▸ **What you need to do**: Find the line with "10 Best Fingerprint Scanner 2017" in the entries below, then output every line from it down to the line with "Resumen de luz", exactly and with no pictures.

▸ **Input for this task**:

----------------------------------------

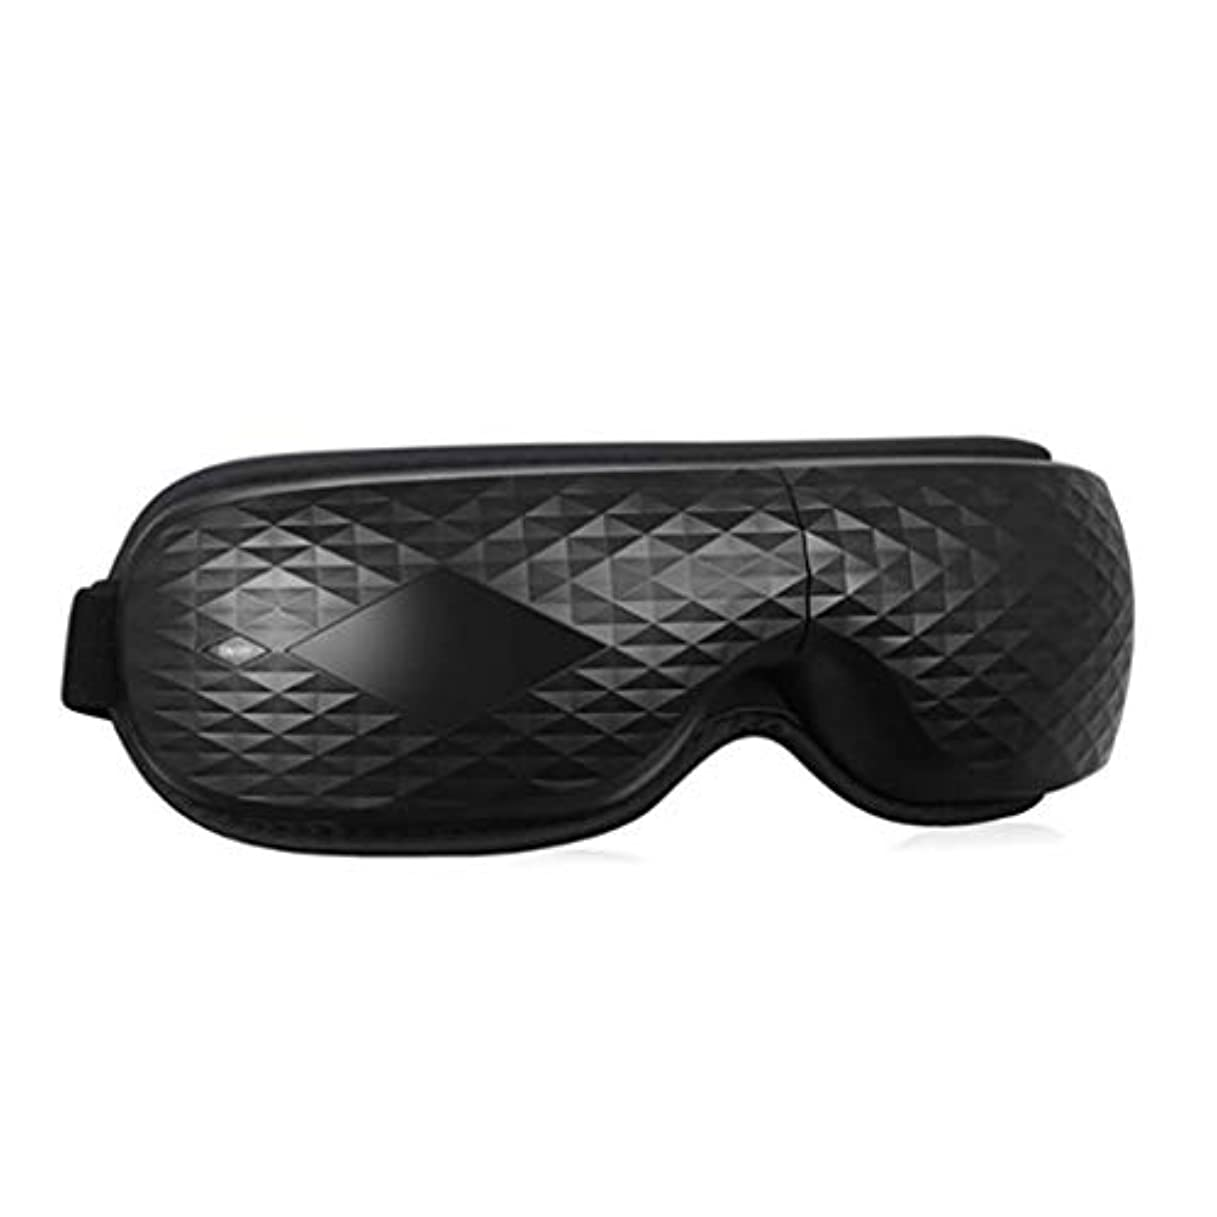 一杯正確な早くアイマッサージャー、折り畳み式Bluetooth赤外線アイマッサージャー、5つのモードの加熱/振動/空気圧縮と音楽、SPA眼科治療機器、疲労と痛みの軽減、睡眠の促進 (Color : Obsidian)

----------------------------------------

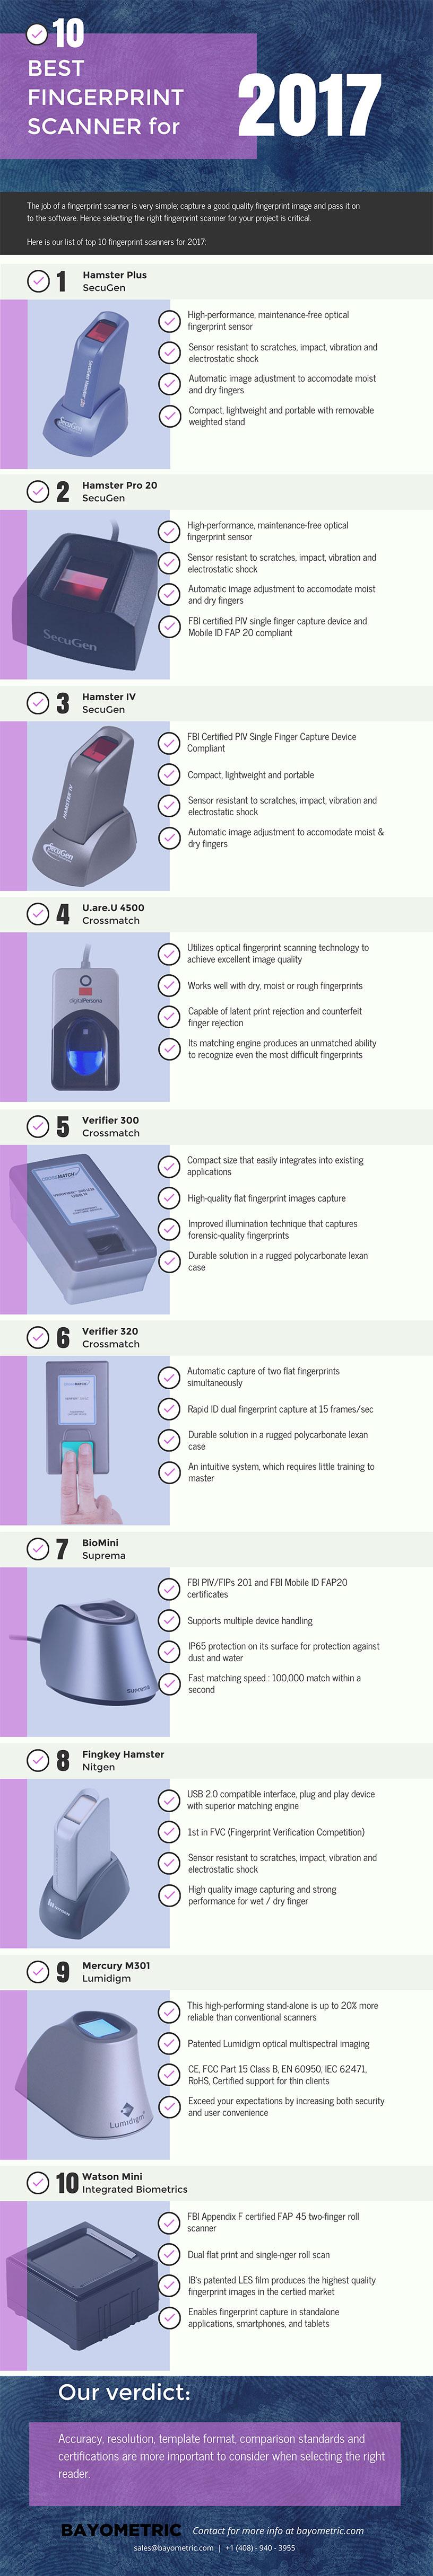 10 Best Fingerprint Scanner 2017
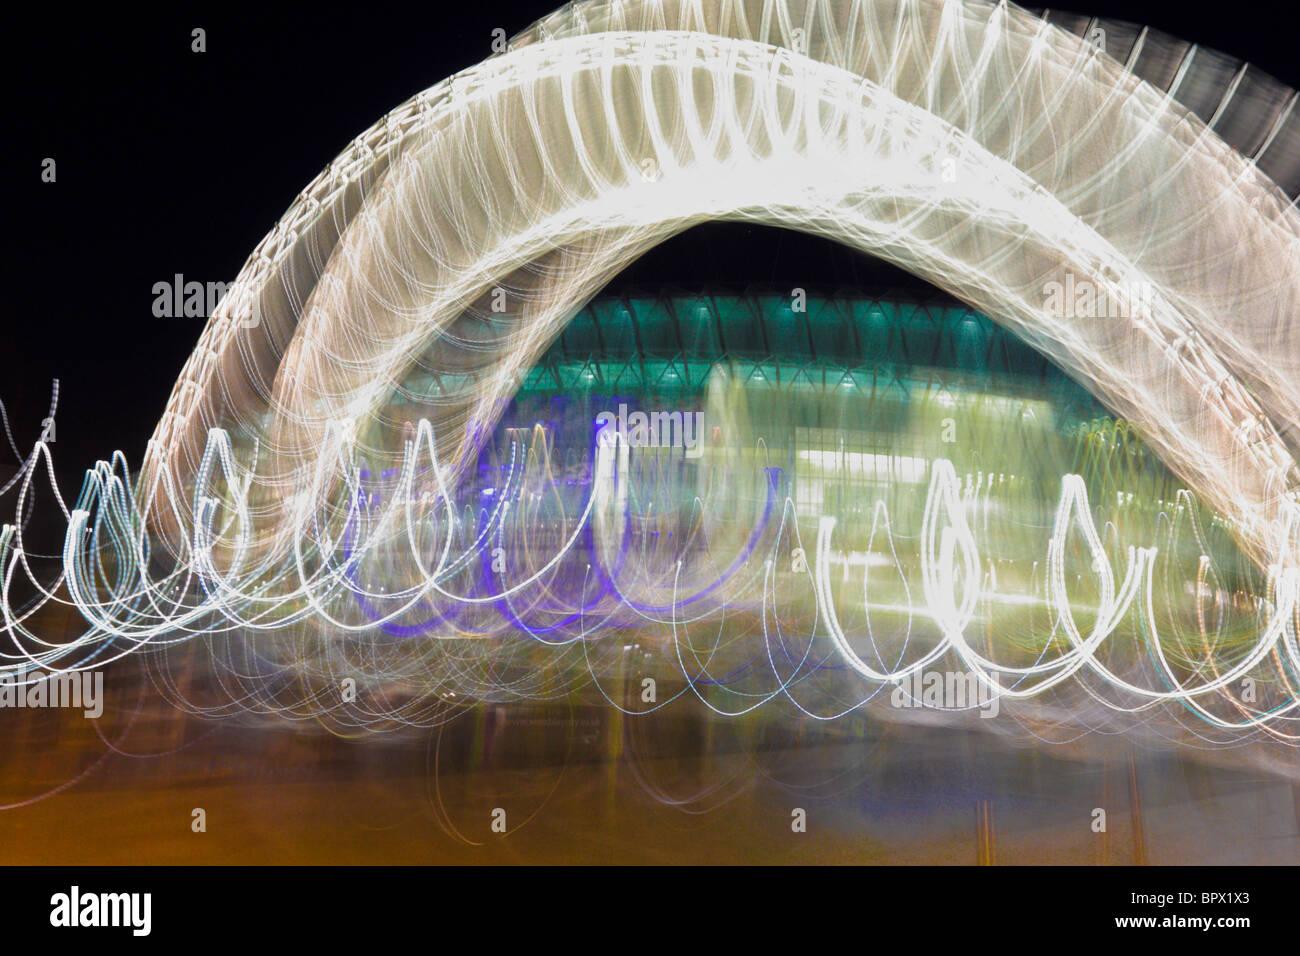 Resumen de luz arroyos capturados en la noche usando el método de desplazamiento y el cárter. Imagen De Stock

----------------------------------------

▸ **Written solution**:
 10 Best Fingerprint Scanner 2017
 Resumen de luz arroyos capturados en la noche usando el método de desplazamiento y el cárter. Imagen De Stock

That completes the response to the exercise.